▶ Task item
The line containing "LED Fireplace Lantern" and each line after it, through the final line of the data, are to be retyped exactly, with pictures left out.

▶ Given material
»»

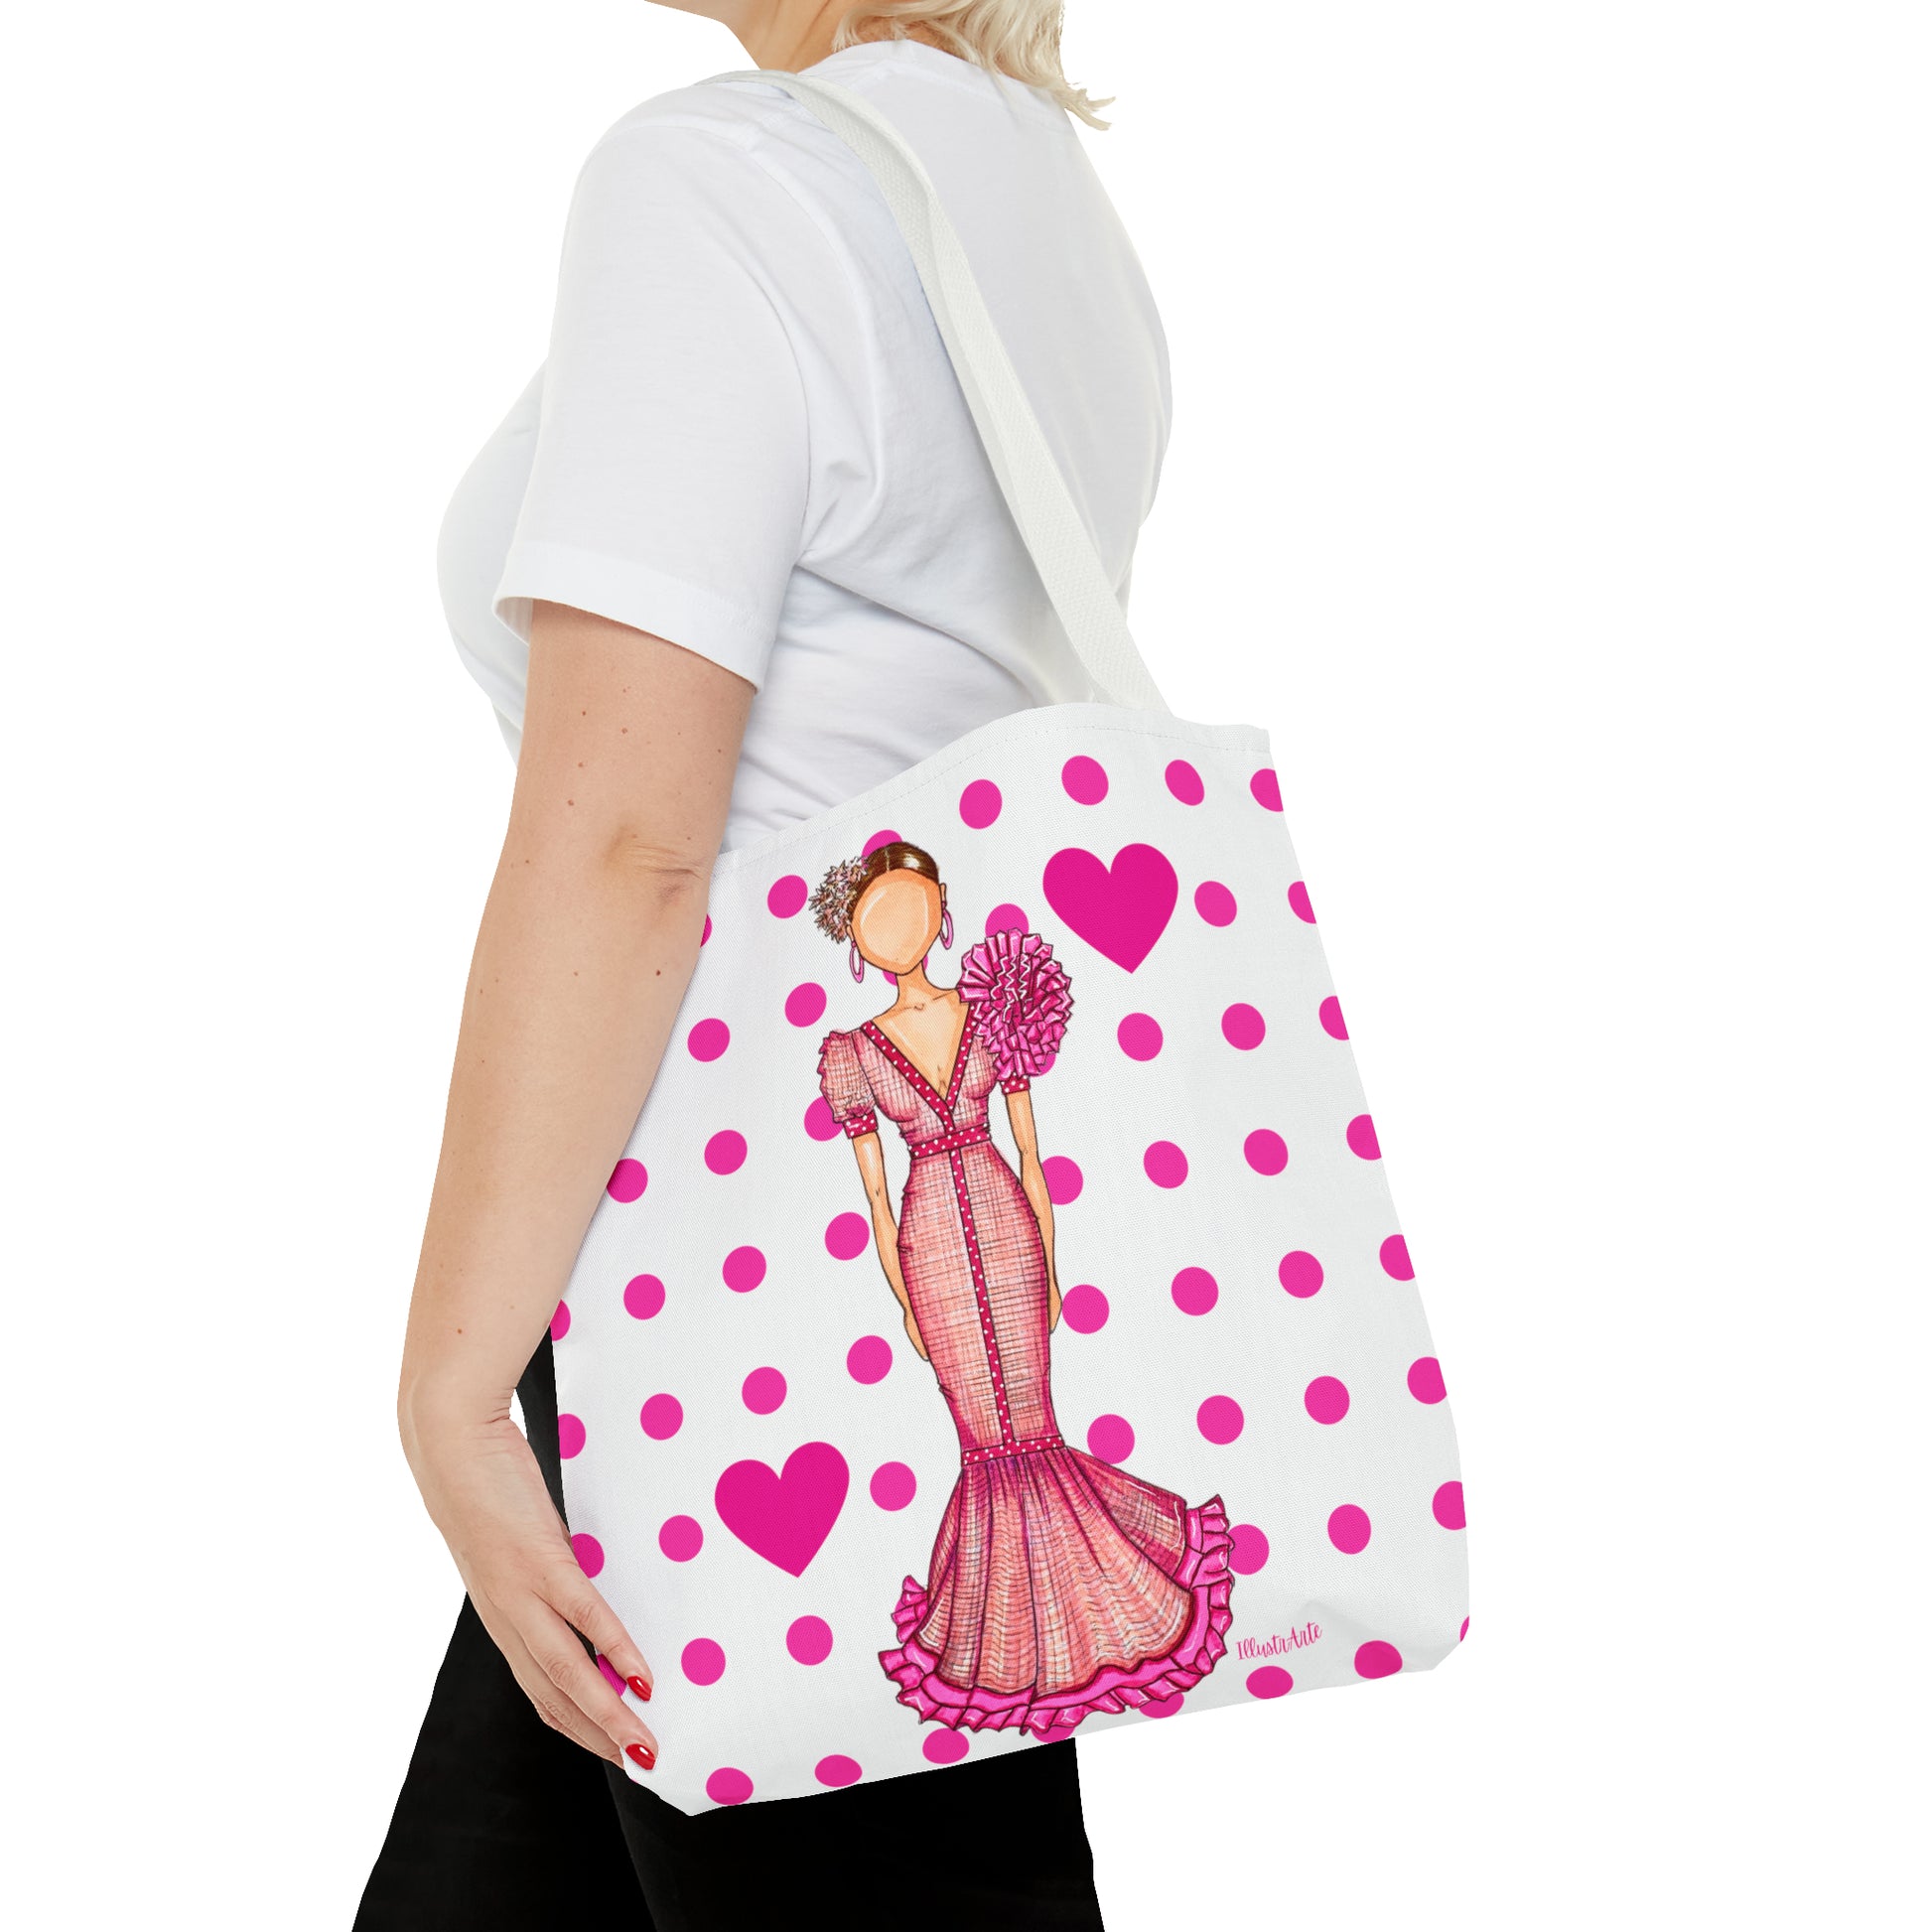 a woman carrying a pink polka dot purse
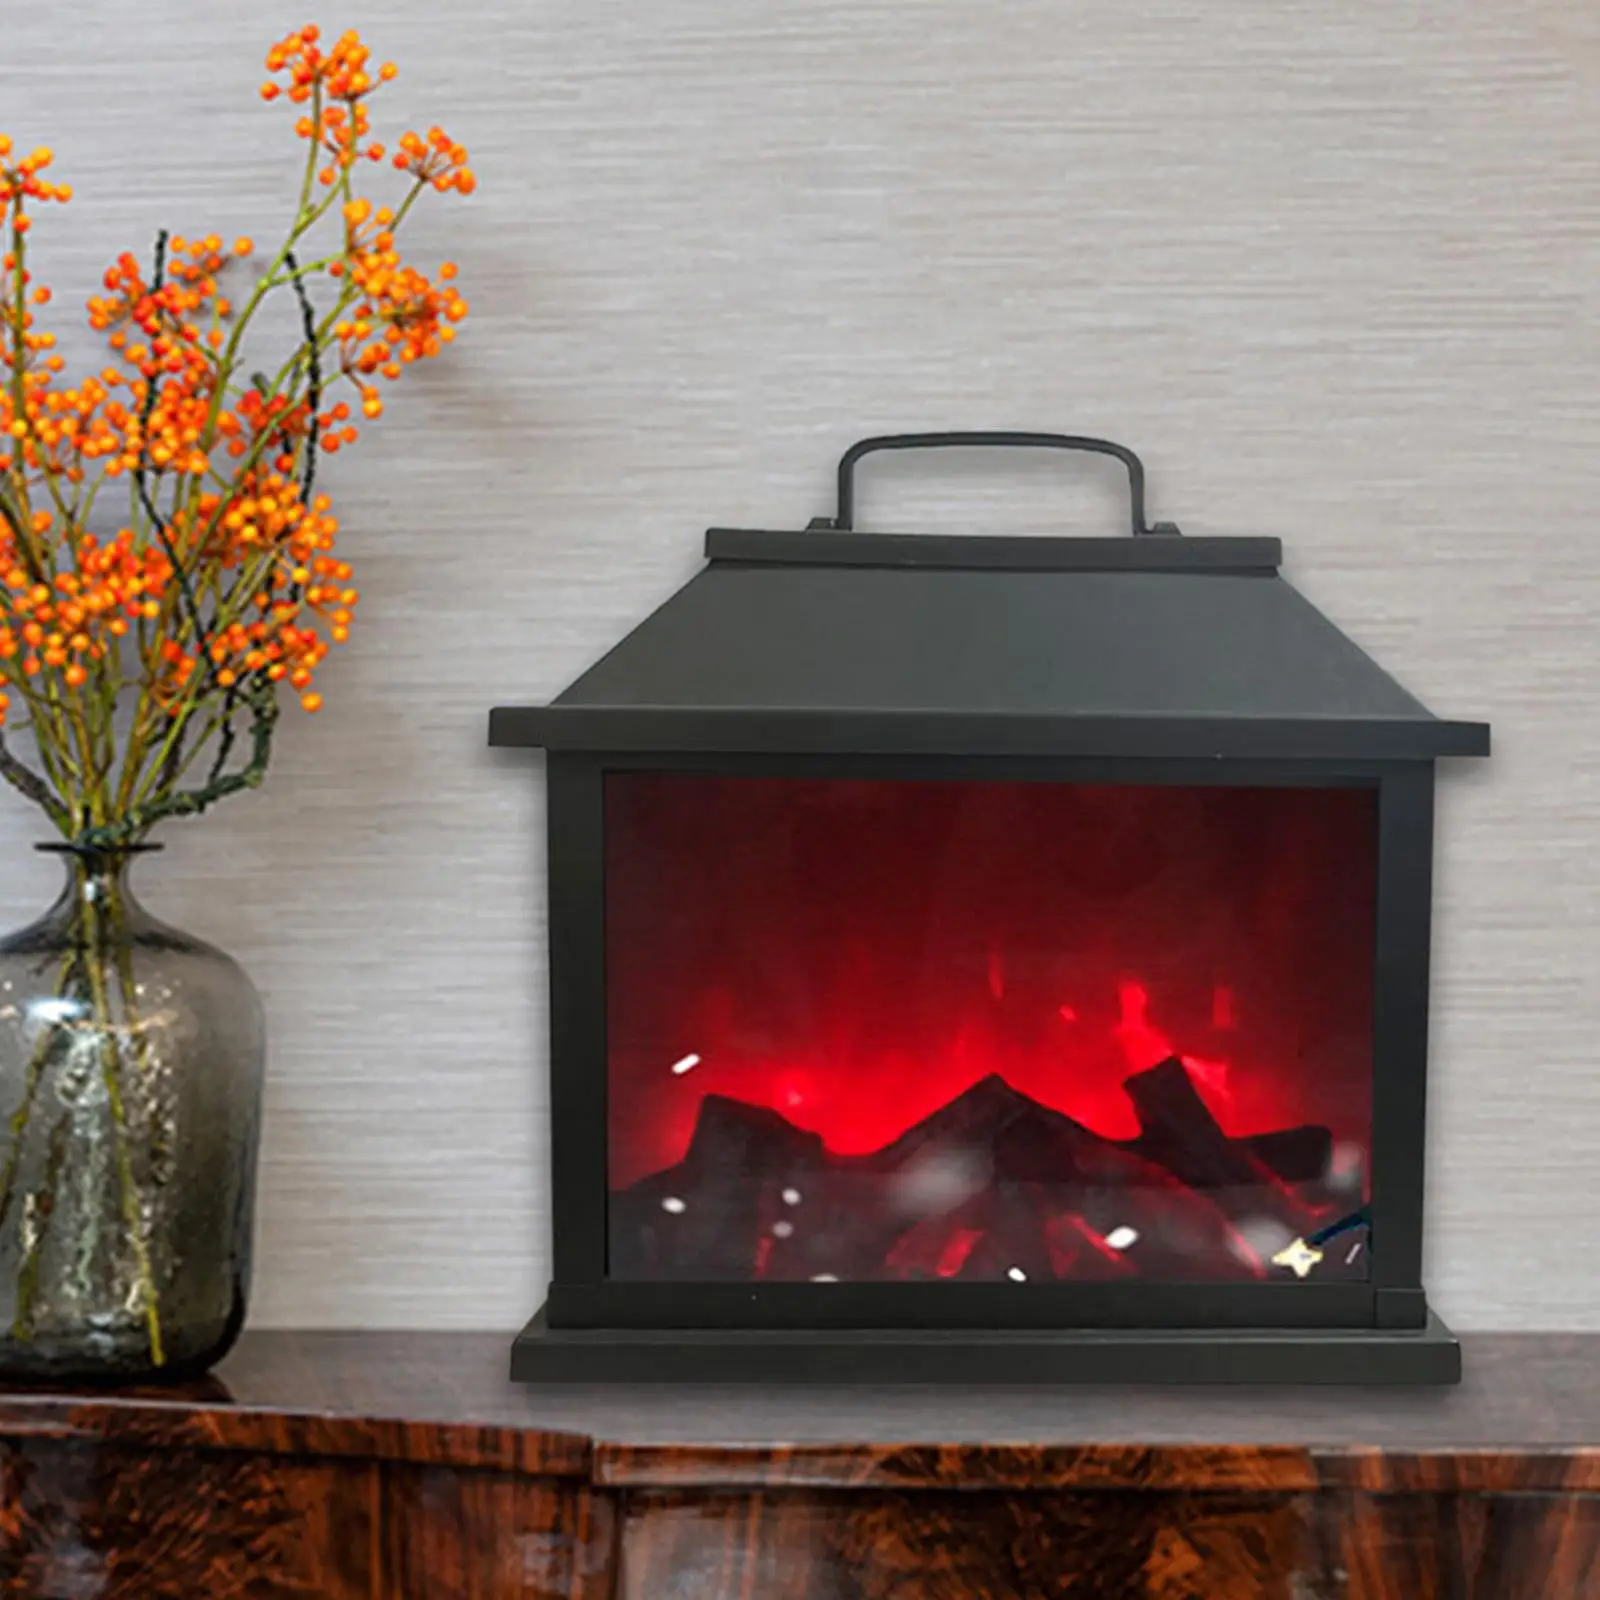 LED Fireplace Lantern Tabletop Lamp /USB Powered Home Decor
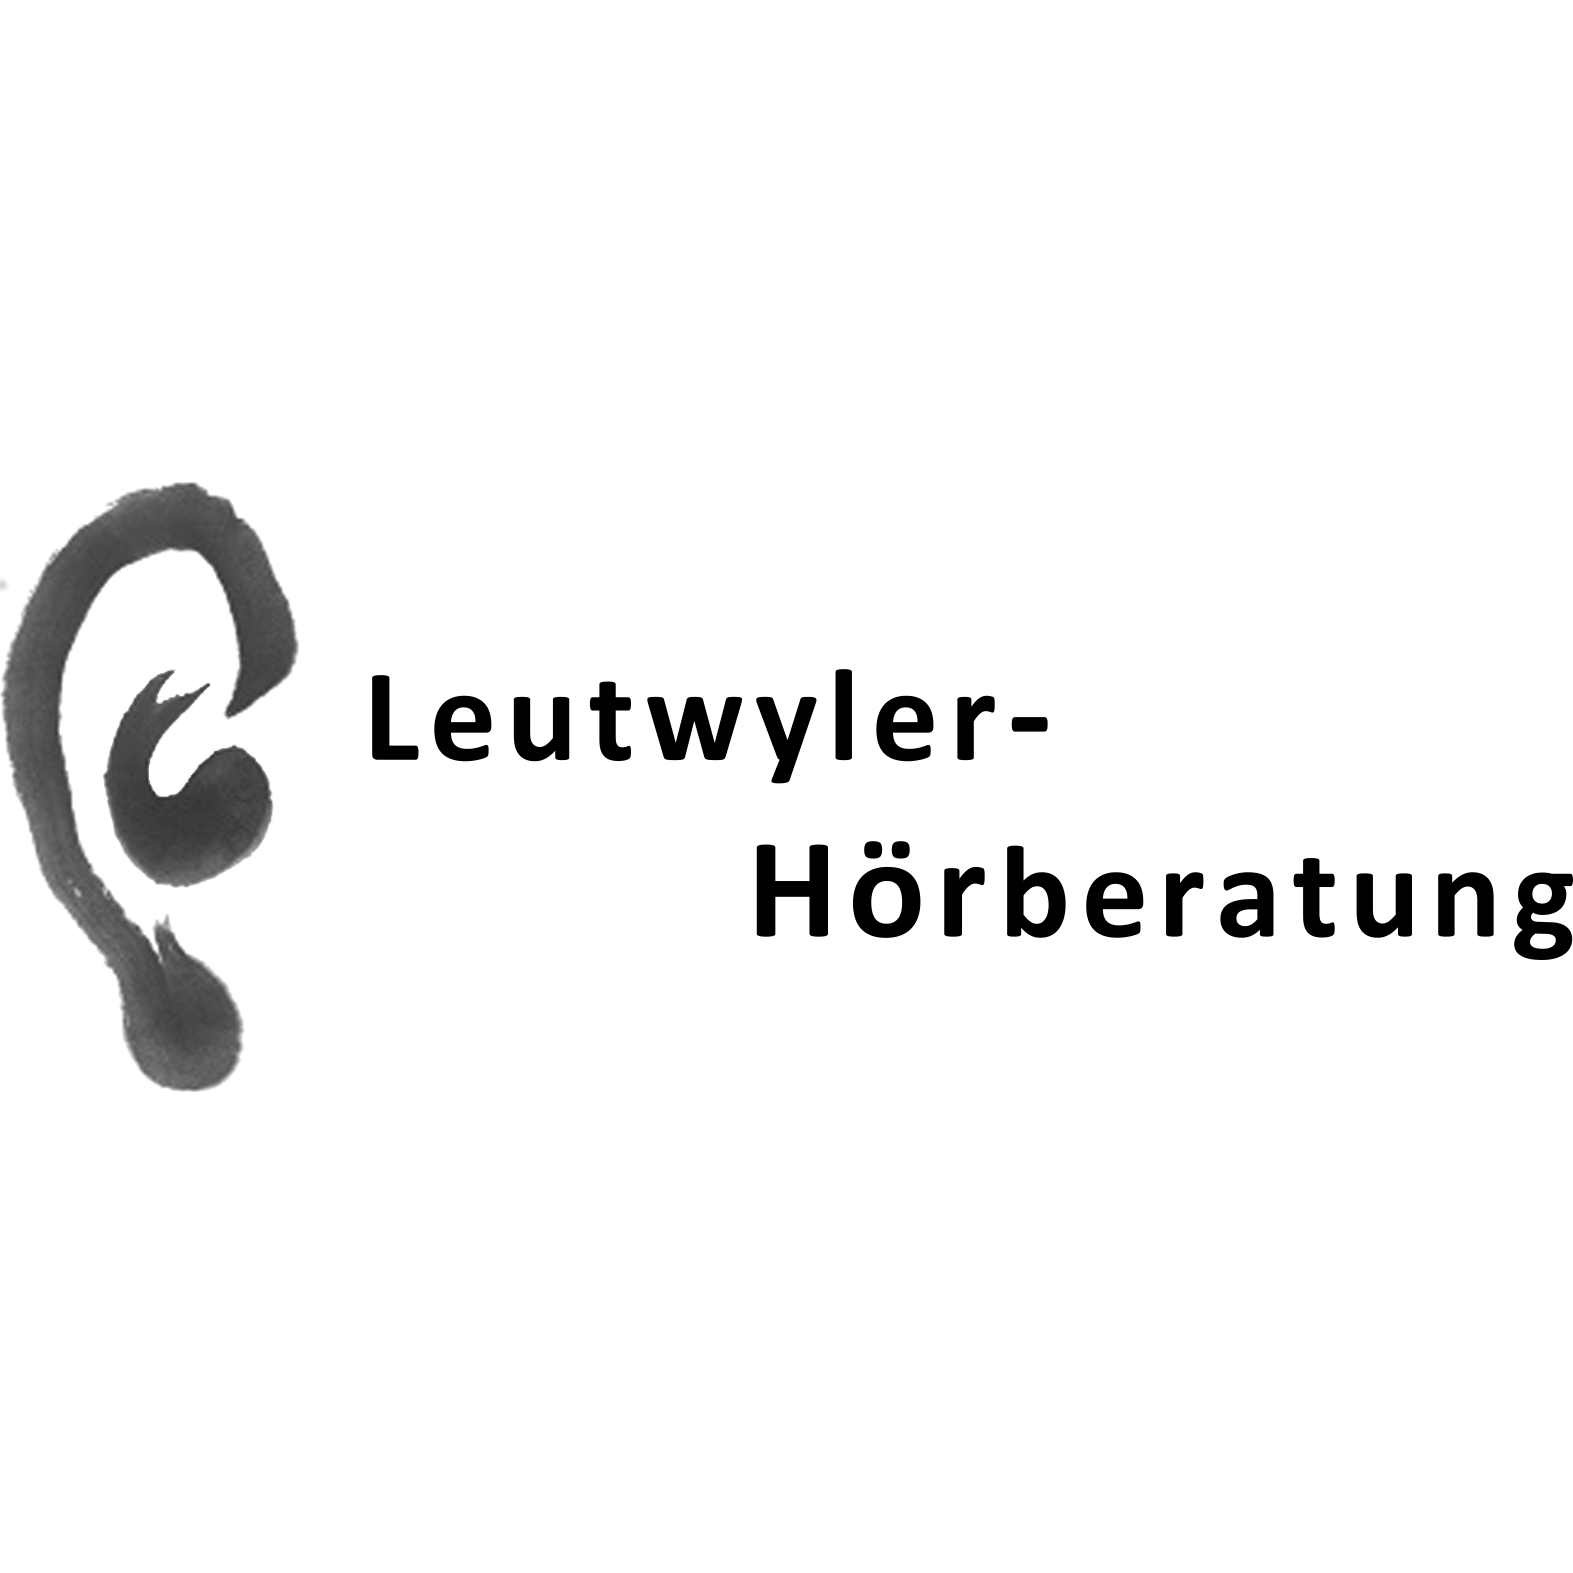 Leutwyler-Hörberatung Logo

««

▶ Result
 LED Fireplace Lantern Tabletop Lamp /USB Powered Home Decor
 Leutwyler-Hörberatung Logo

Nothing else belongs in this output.